EdC wrote:
Again, facts from one of the track's officials who, despite 111's opinion, really cares about the teams that come to our track every week and respects the money car owners spend doing it.
I try to stay in the vicinity of cars being repaired with hopes of returning to the track in that event or the next one. The chief flagman also cares and had the tower wait to start the ten-minute clock until the 19m had been towed to its pit area, not when the heat race was checkered. That probably gave them an additional five minutes. I kept the team alerted to how much time remained and then how many laps were on the pace truck. The ten minutes were up before the truck completed the three laps, after which cars are no longer permitted to enter the track. But the flagman waited as long as he could, asking me for updates all the while. There is another minute or so. When the pace truck had completed its laps, I was asked if the 19m was ready by the track's general manager. It wasn't, every time allowance we could extend to the 19m had expired and weather was threatening, so we went racing.

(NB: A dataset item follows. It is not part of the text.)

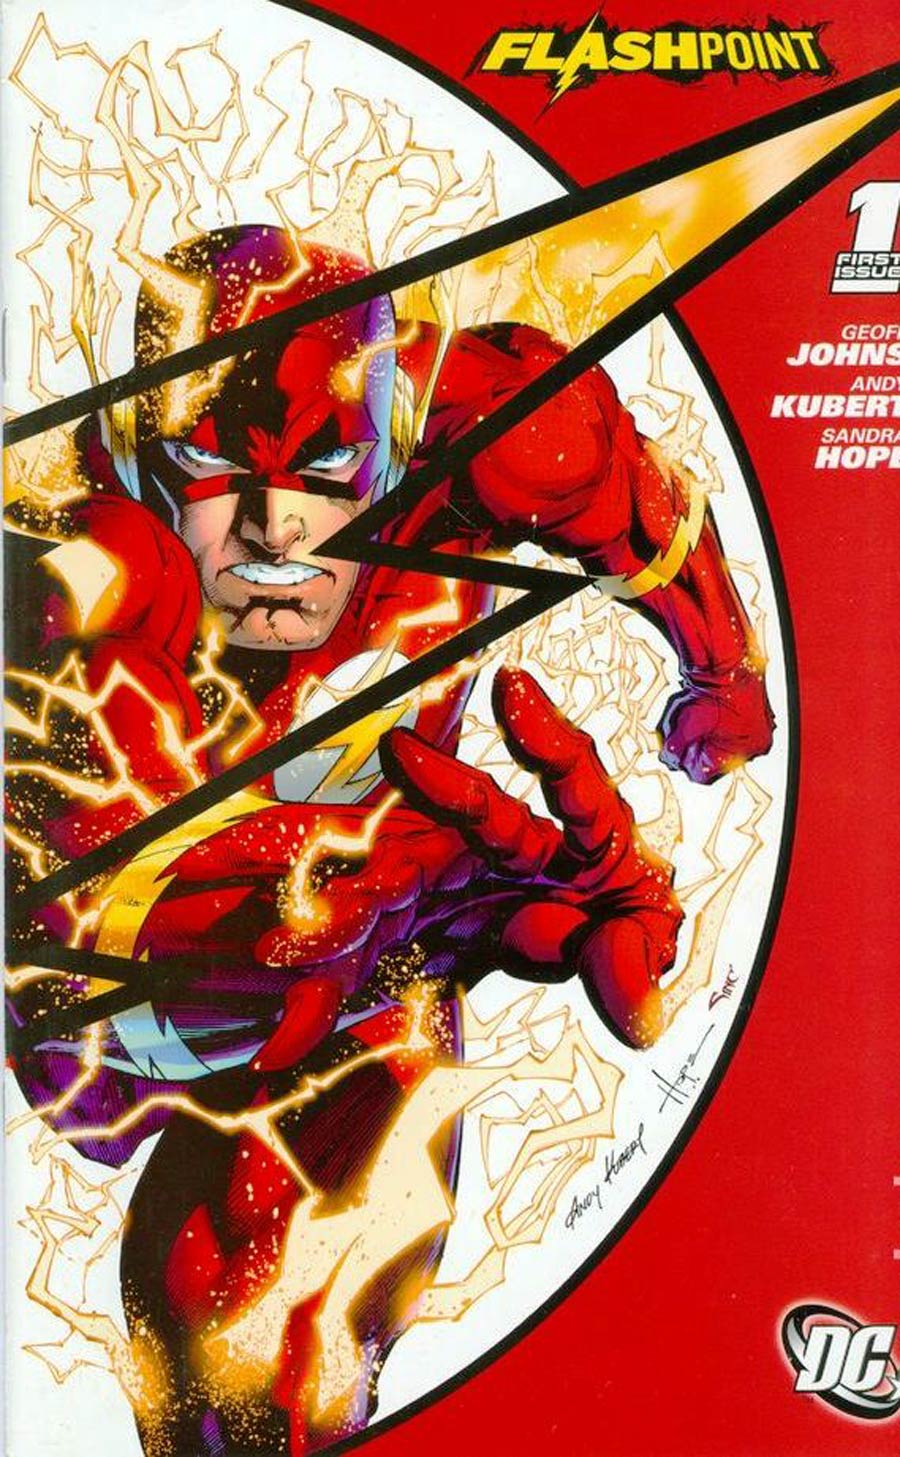 Flashpoint #1 Cover F SDCC Exclusive Variant Wraparound Cover
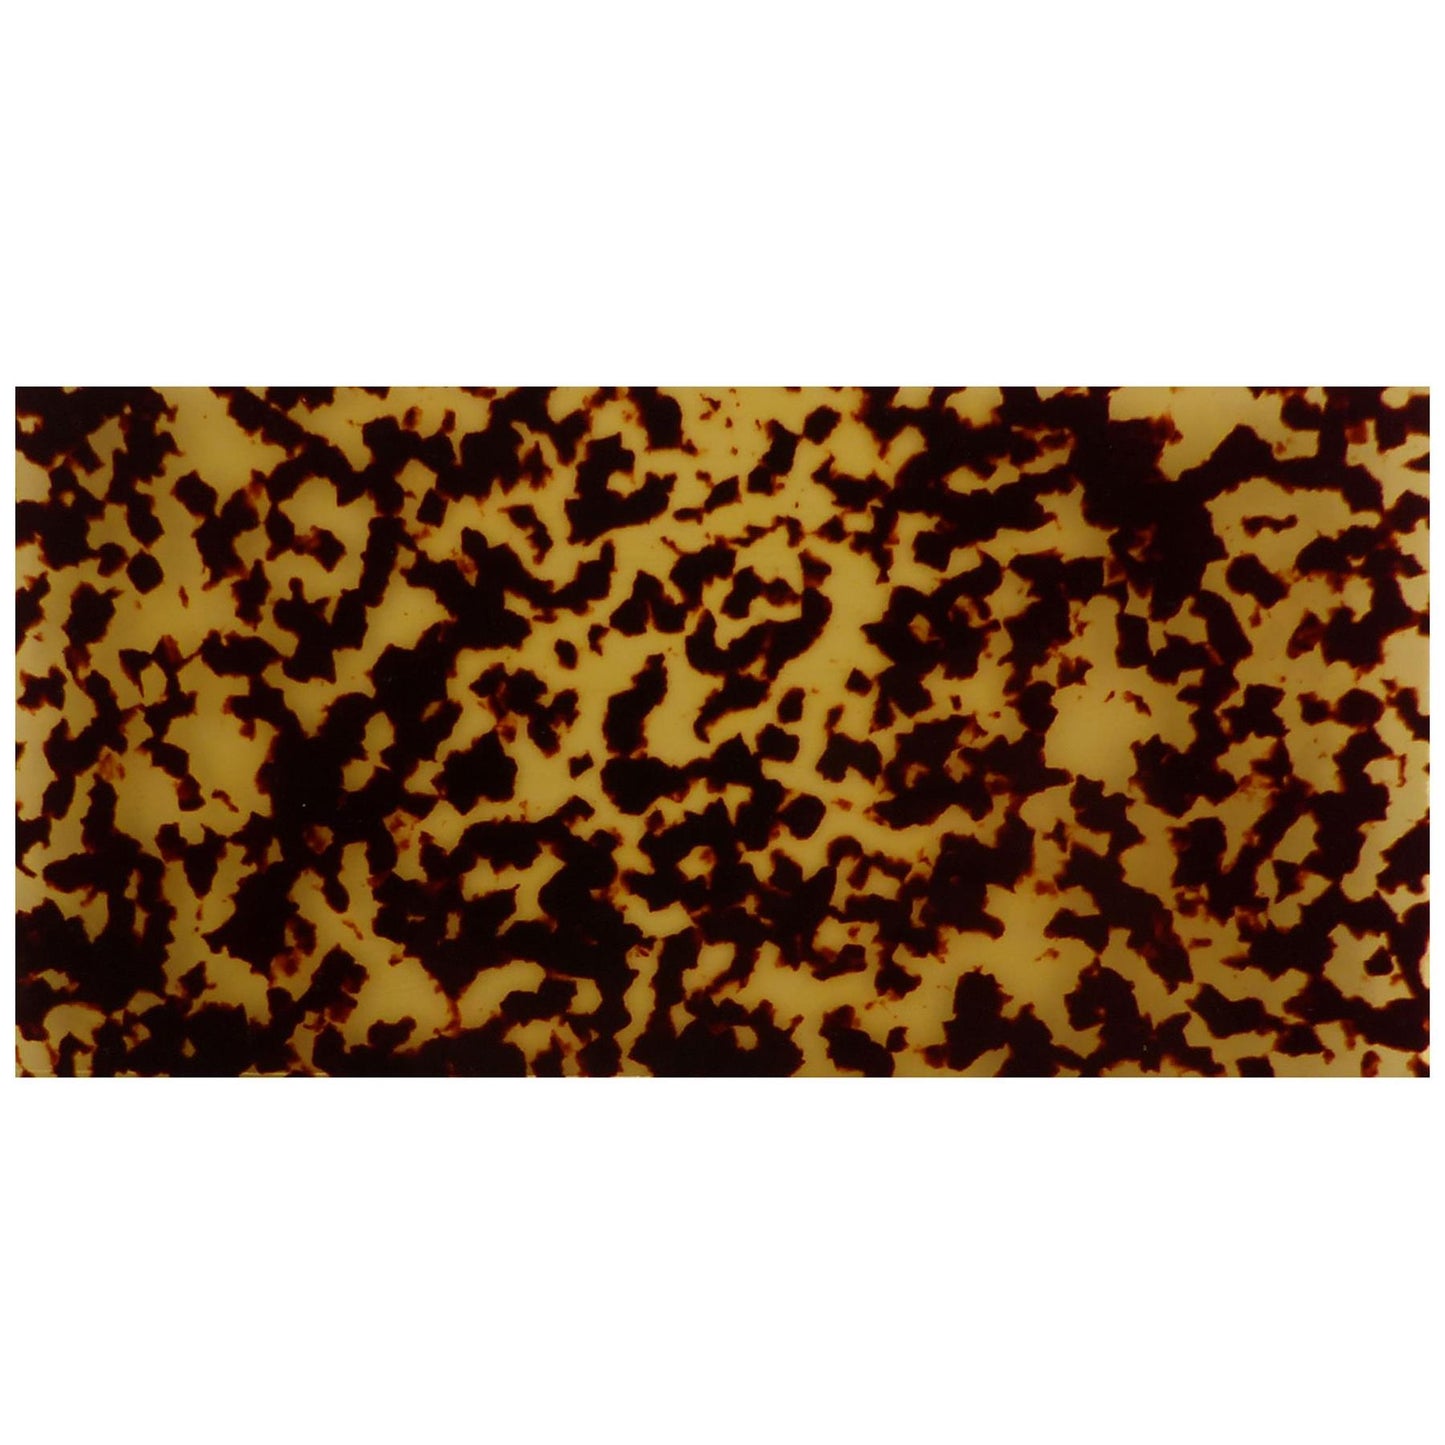 Incudo Vintage Spotted Tortoiseshell Celluloid Sheet - 200x100x0.8mm (7.9x3.94x0.03")

So as you can see, the 19m actually did receive more than ten minutes - perhaps as many as seven extra minutes. That's a 70% over-allowance and the track's general manager was even involved. I fail to see how the track deserves to be criticized for its handling of the 19m's dilemma. Do we make mistakes? Sure and so does 111 and the officials at other tracks. 111 forgets or may not know that I used to work at Lincoln - I saw numerous faux pas at that track, too.
Ed
I love how you refer to
my facts as "my opinion," but you also think randomly pulling numbers out of a hat (draw racing) is a good idea, so no point arguing with you. Referencing factual, defined mistakes as "opinion" says all it needs to about how you view officiating at the track. And please, name some recent instances in which Lincoln made any comparable mistakes to the several Williams Grove (you?) have. I can't think of any, maybe those "faux pas" only took place back when you were there (...).